The University of Louisville
The University of Louisville’s Human Rights Advocacy Program works to advance the human rights of immigrants, refugees, and non-citizens through a program in the university’s Brandeis School of Law. Established in 2014, the program uses admissions-based fellowships, faculty and student interest, as well as a public service requirement to assemble a community of activists, researchers, and leaders to generate scholarship that responds to the urgent need for legal outreach in the undocumented immigrant community. The program undertook an assessment to identify legal needs and address hurdles to ensuring immigrants’ human rights, such as language barriers and educational access. The human rights center studied each issue and published reports documenting compliance gaps in language and educational access. The program also produced training videos to improve compliance in these areas. The research agenda was developed working collaboratively with broad constituents of the community and ongoing communications.

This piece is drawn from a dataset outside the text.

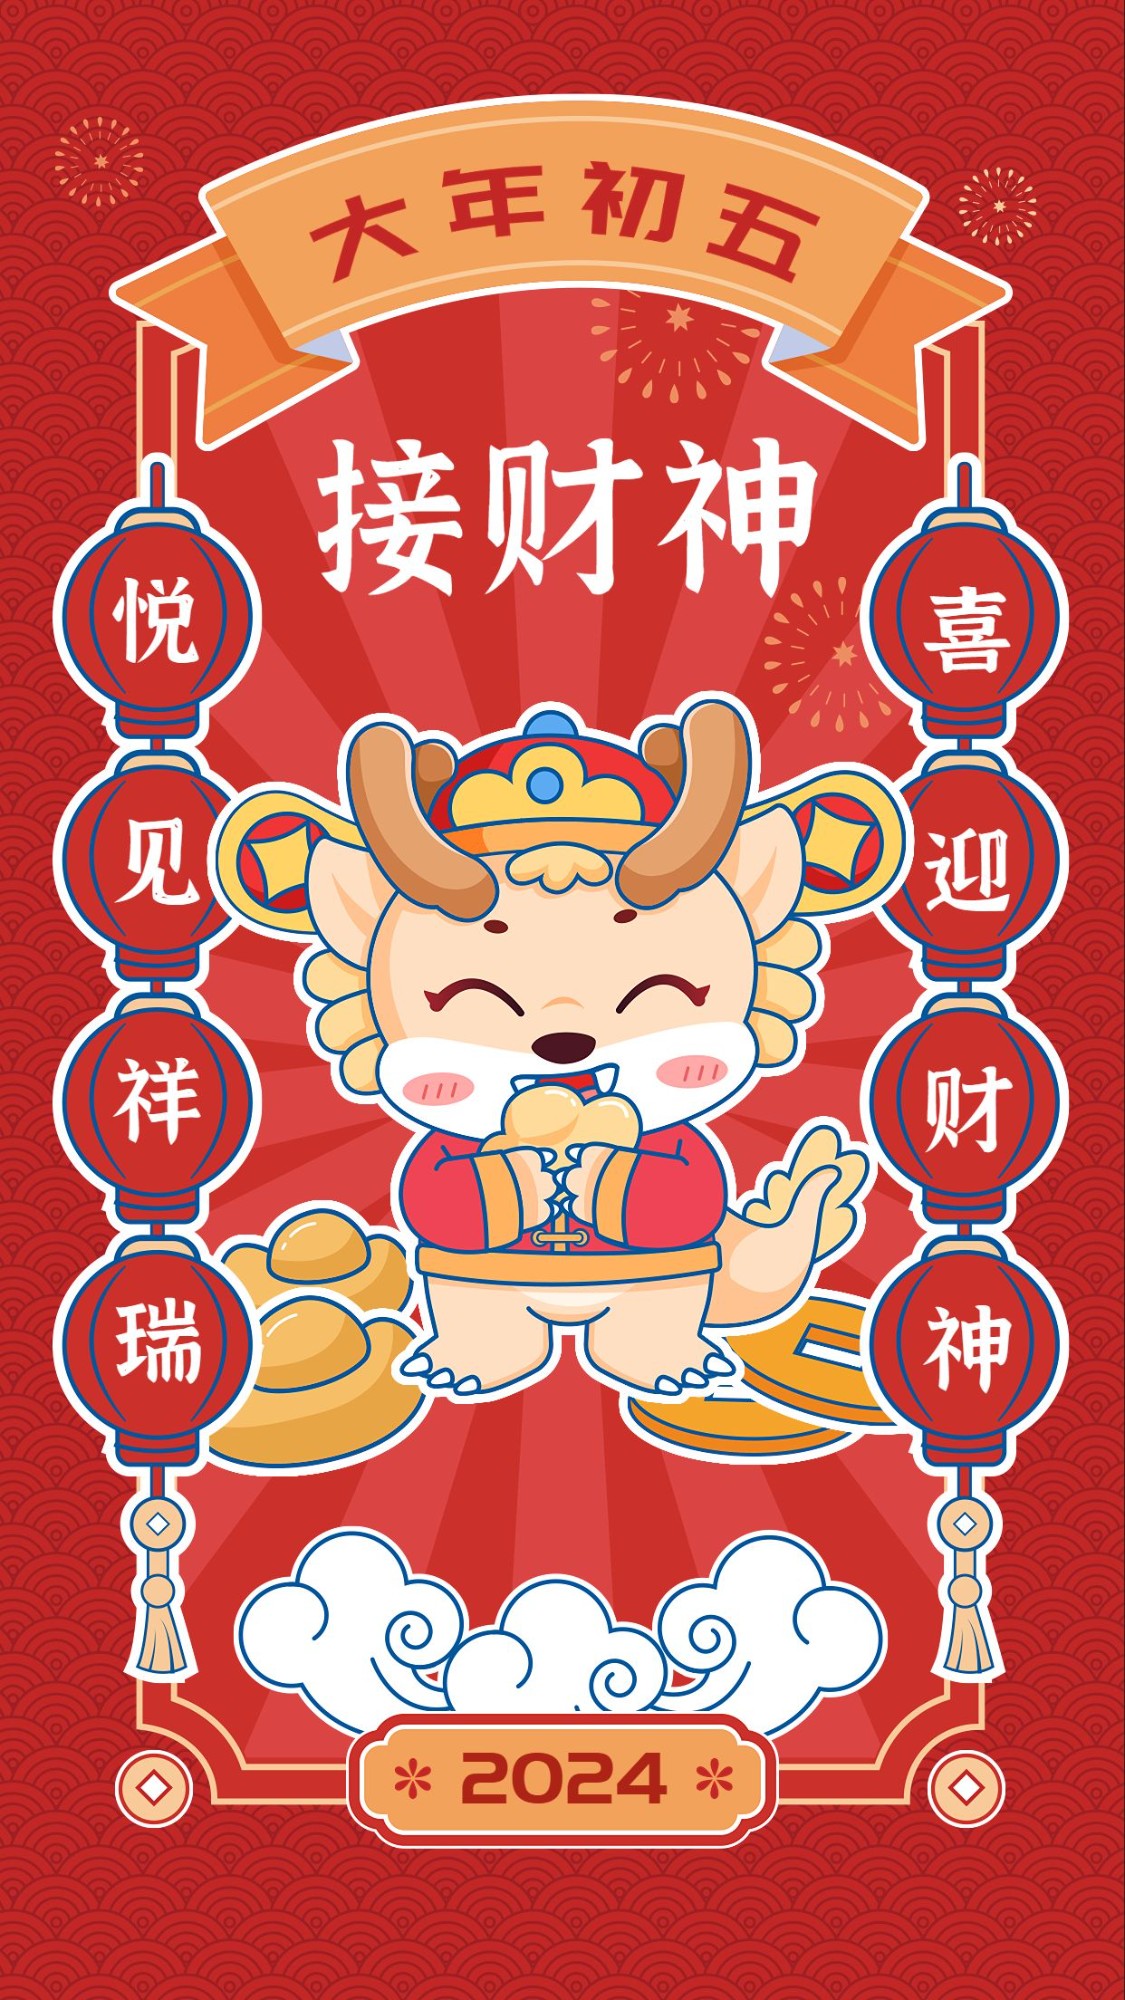 教育培训春节祝福大年初五迎财神可爱中国风插画手机海报预览效果

University of South Carolina
University of South Carolina’s PASOs program drives improvements in health and early childhood outcomes in Latino communities across the state. The program was developed in 2005 after a graduate student research project within the College of Social Work showed that Latino health disparities were not being adequately addressed. Beginning in 2008, the university established a formal partnership with PASOs, supported by a variety of university resources. Crucially, the PASOs program was developed for, with, and by the underserved Latino population it assists and the program collaborates with 180 community and organizational partners throughout the state. PASOs reduces cultural and linguistic barriers by providing culturally competent services that reach over 8,500 Latino women and children each year. PASOs has garnered local, state and national recognition for its researched-based model by demonstrating how co-created solutions can directly be connected to community contexts. PASOs also integrates the University’s teaching, research, and service missions by connecting faculty and students to communities. To date, PASOs resulted in five peer-reviewed journal, publications, two current community-based participatory research projects, several articles currently pending for publication.